If you could stretch a bit more consider a second hand Gaggia Classic espresso machine for around £100 to astronomically change your coffee drinking world (but be prepared for additional costs for accessories).


----------



## MWJB (Feb 28, 2012)

Thanks Fatboyslim,

I get to "drive" my parents' Gaggia Classic at the odd weekend  Well... there has to be some reward for being made to sit through "Strictly-come-xfactor's-got-talent-on-ice" doesn't there?

I had perused the Porlex (that's great if it will grind fine enough for good results with something like the Gaggia)....and have been trying to resist buying the Aeropress for a few weeks....resistance really does appear to be futile after all!

Cheers!


----------



## Earlepap (Jan 8, 2012)

The porlex does go fine enough to make a good espresso in a gaggia though in my experience it depends on the bean.


----------



## rodabod (Dec 4, 2011)

Grab a Porlex Mini. It's great. Can't distinguish the quality of the grind between that and my commercial grinder.

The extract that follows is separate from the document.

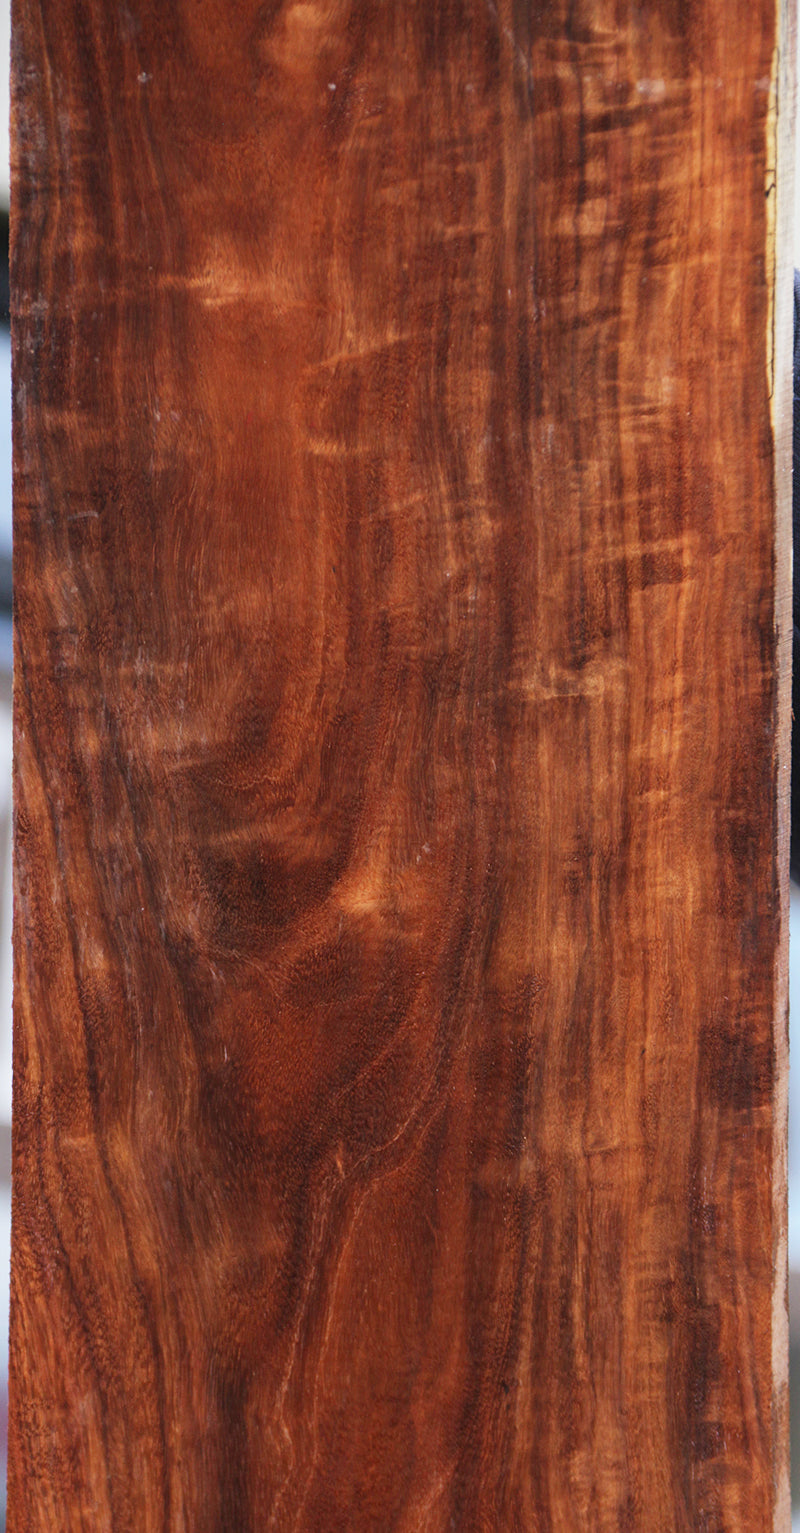 Exhibition Granadillo Lumber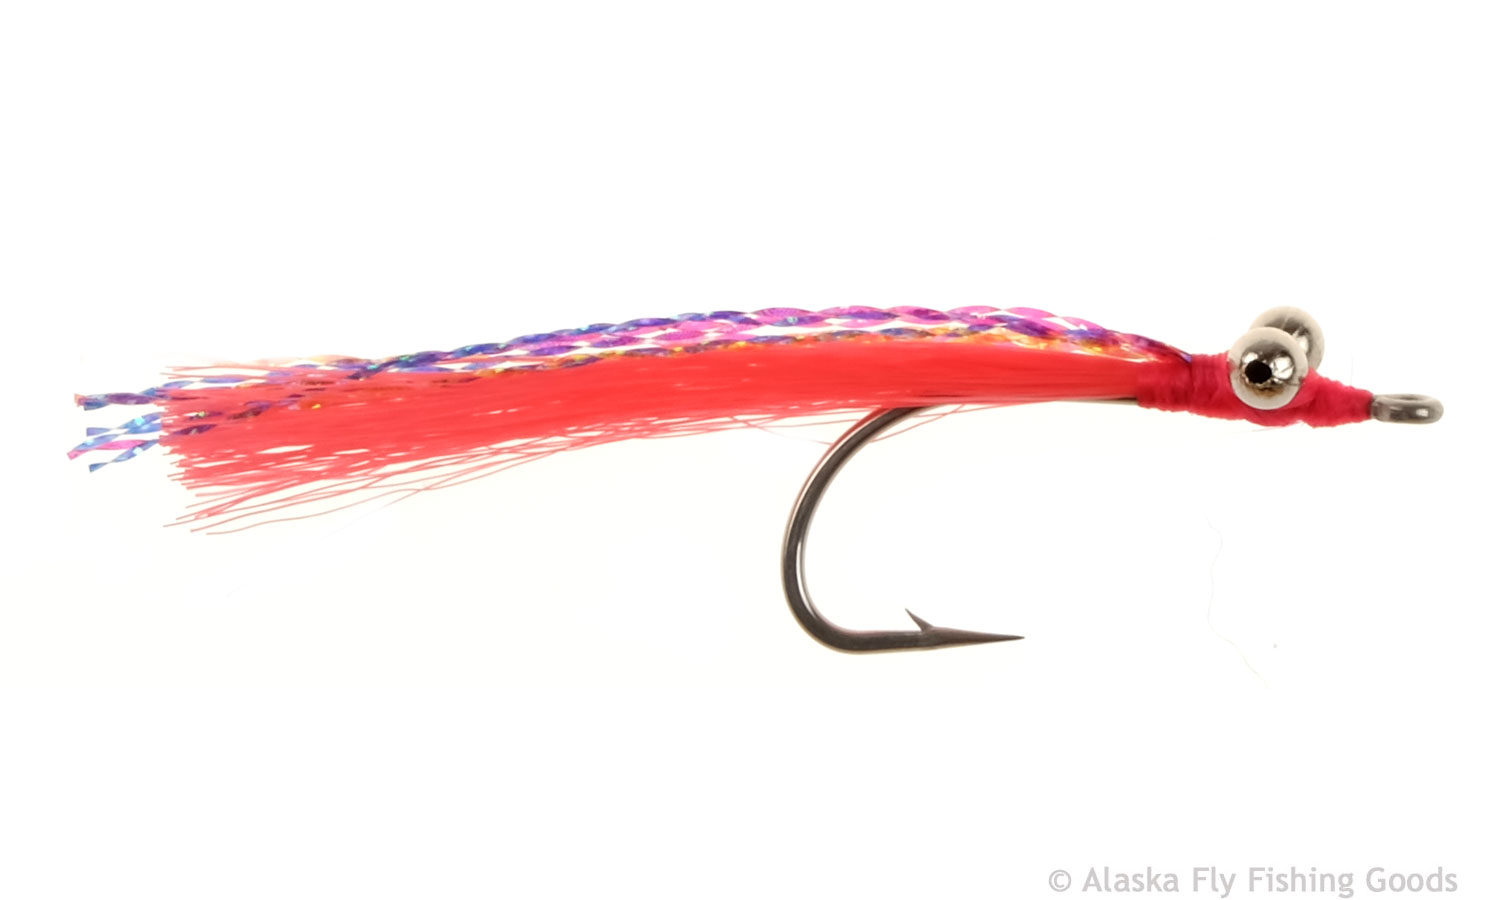 Minkie Pink - Salmon Fishing Flies from Helmsdale Company

Much cleaner too, no stale grounds, and less faff.


----------



## stavros (May 4, 2011)

Yep, I've got the Hario Slim and I've made really good espressos with it before now. At its best it's as good as my Vario or the Ibertal MC2 I had before. Not really sure of any quality differences between Porlex and Hario. I plumped for Hario on the strength of having heard of the manufacturer at the time. The only slight nag I have about it is the static can build up on the finer darker grinds in the all-plastic container, dunno if this would this be better in the Porlex's metal build I'm not sure I've had too much wine to consider the science! I've no problems recommending either though, the Hario on experience and the Porlex on what I've heard.


----------



## Alexandr (Nov 11, 2012)

Please, what setting do you use on Hario Slim for an espresso coffee?


----------



## Nimble Motionists (Oct 22, 2012)

I think I'm about four clicks off the tightest setting but it will vary according to the coffee and according to your espresso machine. A good starting point is to grind it fine enough that it produces a shot in 20-30 secs then have a play and adjust for taste preferences from there.


----------



## RisingPower (Dec 27, 2009)

MWJB said:


> Looking to buy a grinder, but there seem to be conflicting opinions on whether hand grinders, like the Hario Skerton for example, are up to the job of producing finer espresso grinds?
> 
> At home I have a french press, moka pot (tended to use that for a base for milky coffees, not so keen for "espresso" type shots, "mothballed" for now) and a MyPressi Twist (has both a basket for espresso grinds & a pressurised basket for pre-ground/coarser grinds). So, I guess I could live without very fine grinds for now, but "you never know" come the future, plus the fact I only tend to just make a shot for myself at home on weekdays, an electric grinder might be overkill? A good handgrinder might never outlive its usefulness?
> 
> ...


You're totally wrong about not being able to afford a reasonable grinder for that amount, I'd bet you could pick up a mazzer mini on the bay for that.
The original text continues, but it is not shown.